Home Register Feedback SiteMap Disclaimer Copyright Contact
About Us
Public Workshops
Customised Workshops
Horizon Europe Links
Leaflets, Tools & Presentations
News
Newsletters
Helpline
Glossary
Horizon2020 Links
FP7 Financial Info and FAQs
FP7 Links
FP6 Financial Info & FAQs
FP6 Links
Project Admin
FP6 Financial Info & FAQs --> Project --> Costs --> Eligible Costs --> Equipment --> Equipment FAQs

Q:

We have purchased a server for the use in one of our EC projects. According to the EC rules on depreciation we will only be reimbursed for the percentage use of the equipment in the EC project and this amount of use must be auditable. The server will be available for our EC project 100% of the time, but at the same time it is likely to serve computers that are not connected to the project as well. How do we calculate the percentage use in our case and how do we document it for auditing purposes?

A:

The depreciation (according to your normal accounting rules) should be a direct cost for the project. The problem seems to be that in practice it will not be used 100% of its time on the project.

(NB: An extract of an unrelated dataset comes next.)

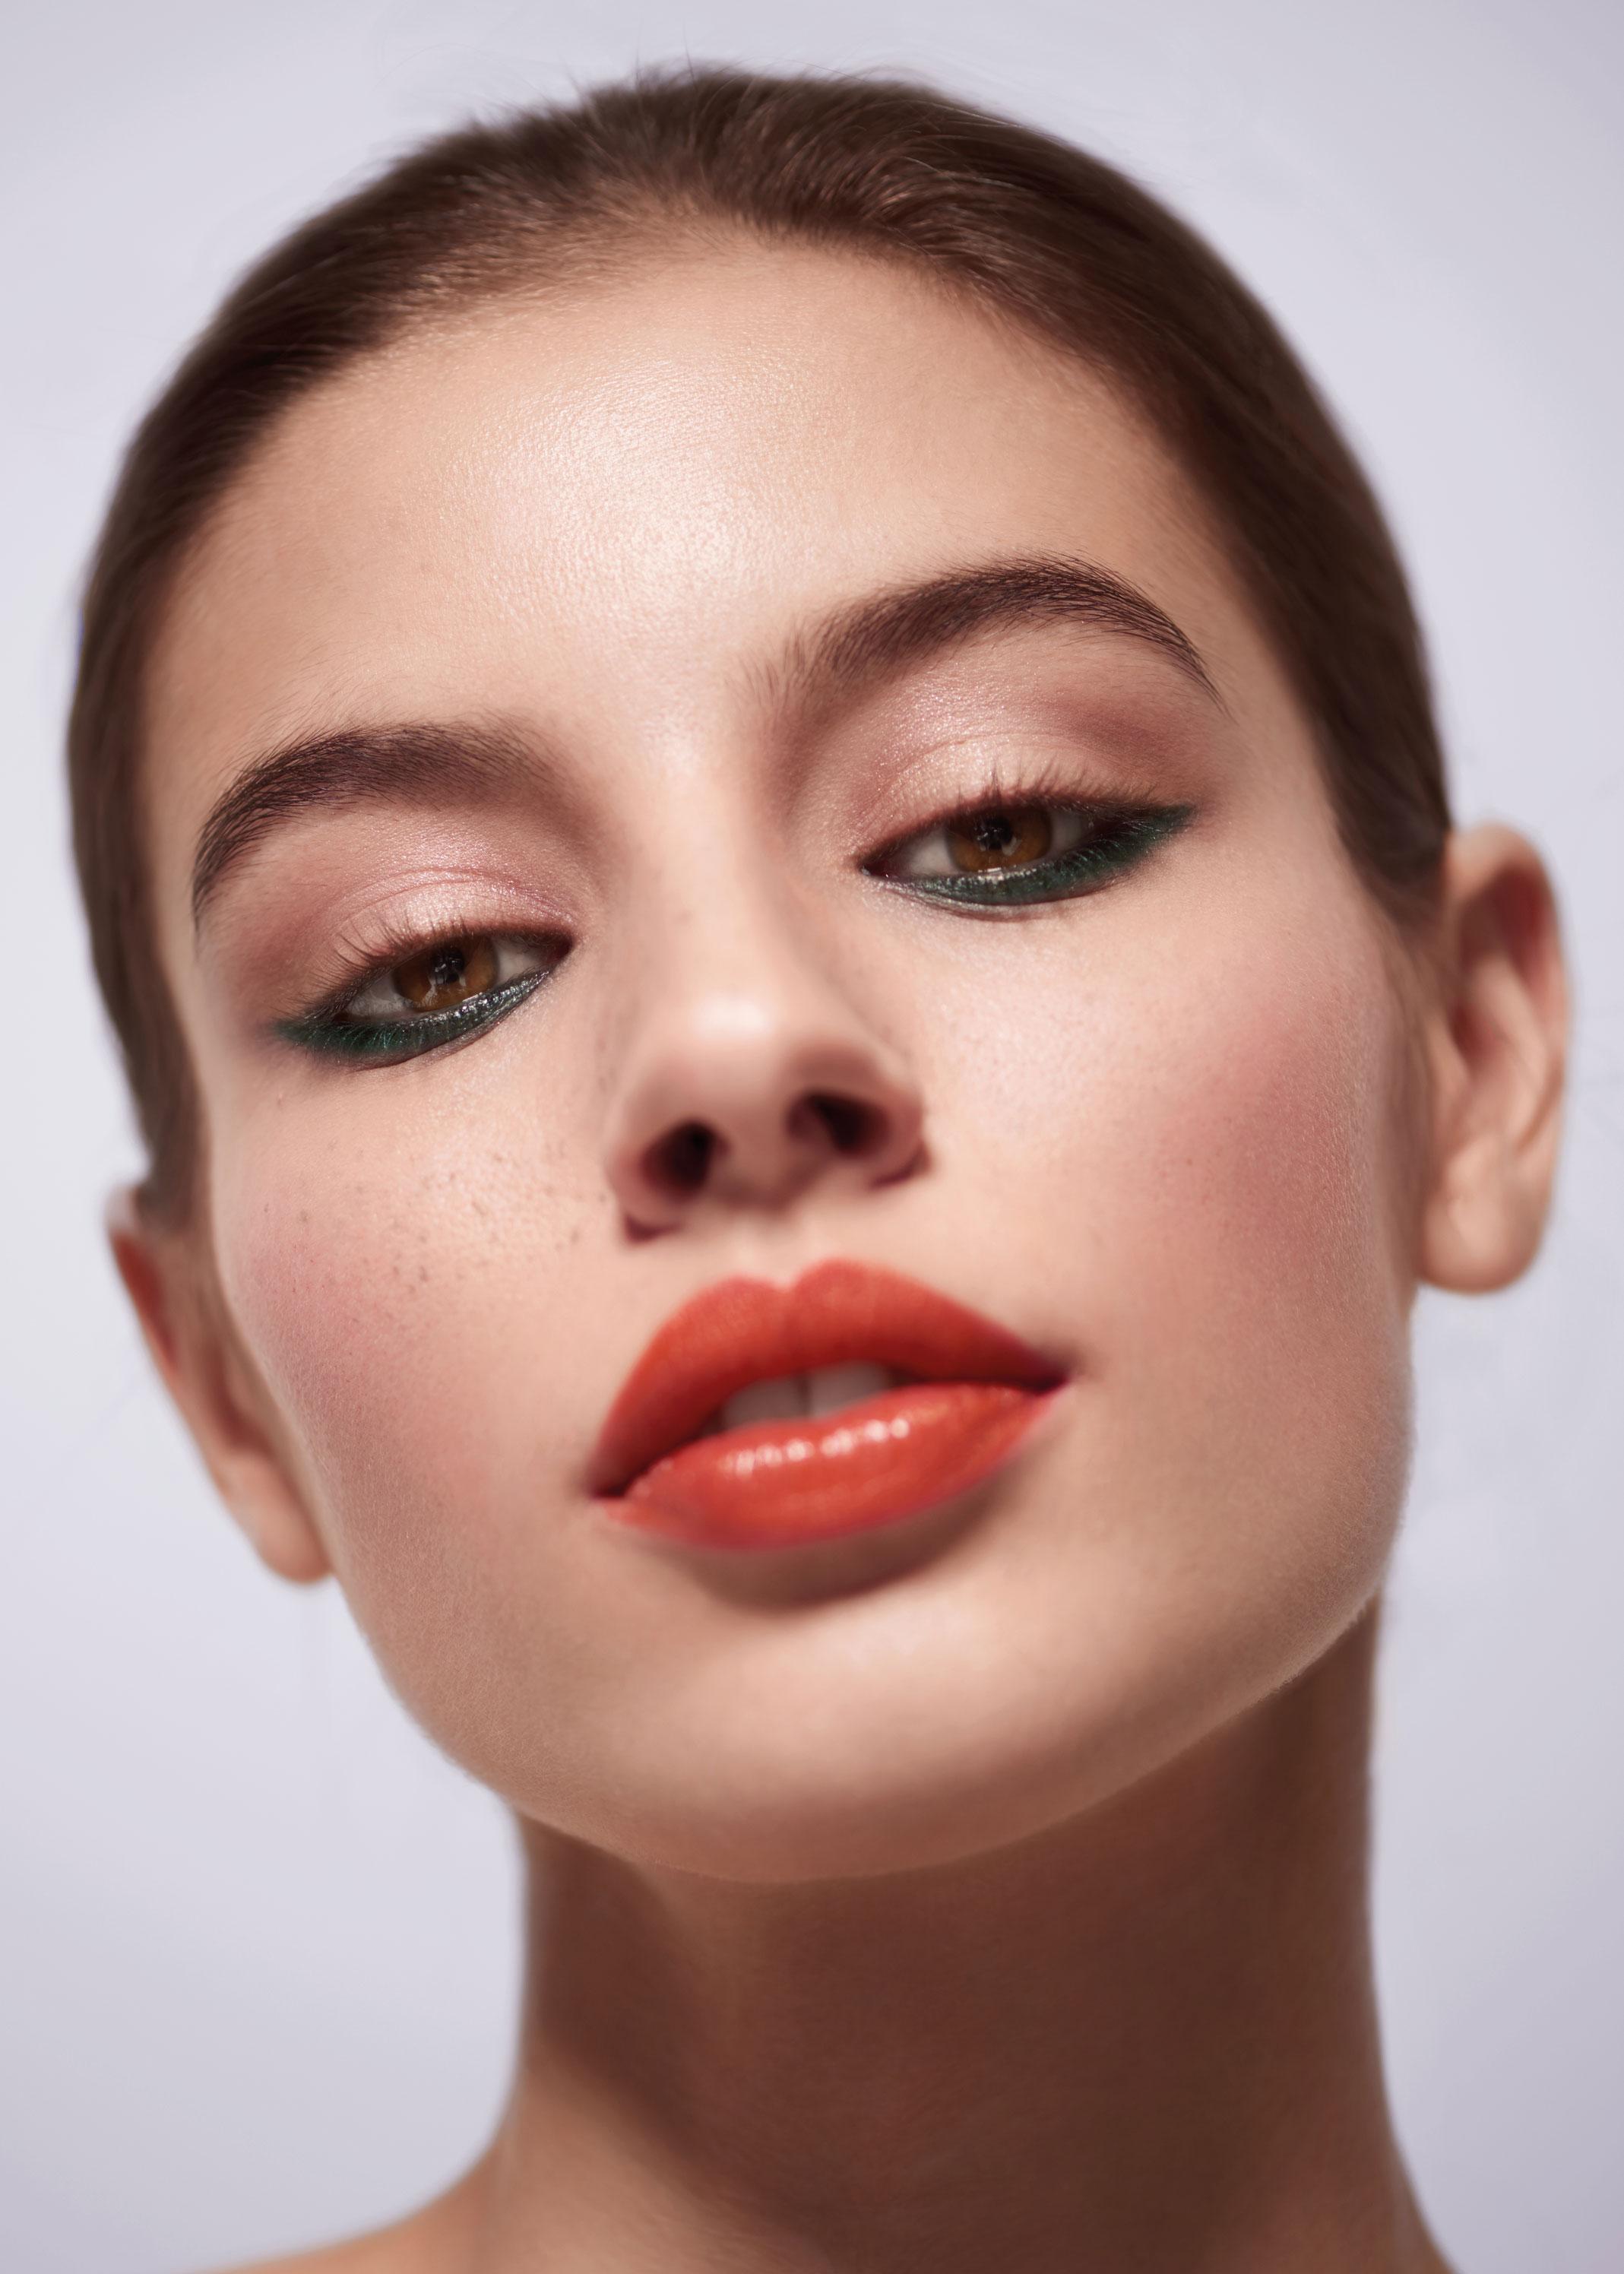 Beauty Shooting: El verano napolitano de Chanel - image 4 on https://www.vanidad.es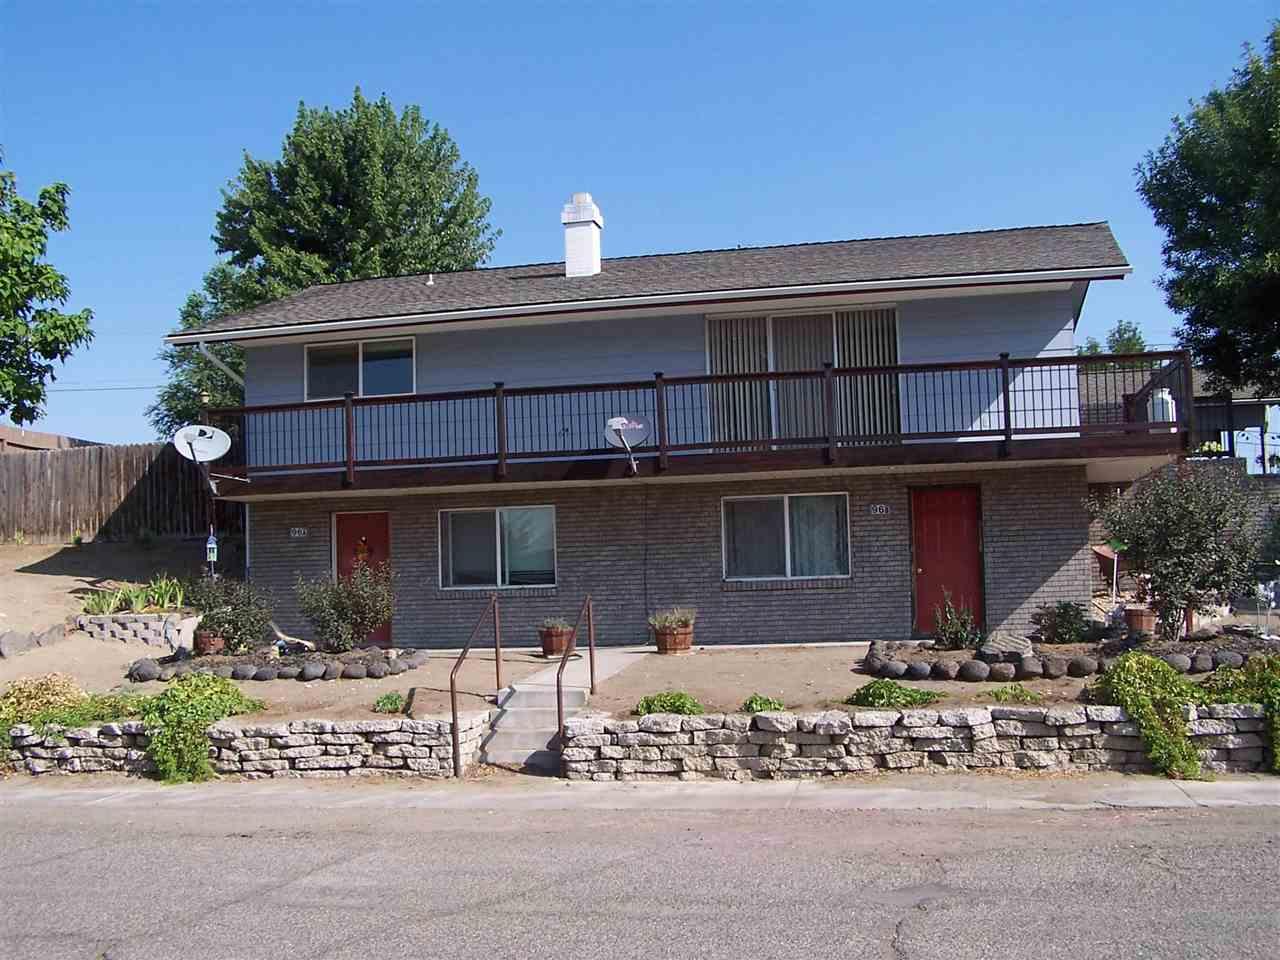 独户住宅 为 销售 在 405 N Lincoln 405 N Lincoln Glenns Ferry, 爱达荷州 83623

It is assumed that the main reason for the purchase of the serve was for the EU project. The problem is how to determine the percentage for EU. The rules applied for accounting for other projects in the organisation should be used. Failing that we suggest a reasonable formula be used – e.g. Charge on basis of number of computers using the server and the number not in the project. So if there are 10 computers using the server and 8 are for EU project charge 80% to EU. Care should be taken, since it may be that the server should be viewed as an indirect cost – e.g. if there were 100 computers using the server and only 5 were for EU, it is difficult to see why the server was purchased primarily for the EU project.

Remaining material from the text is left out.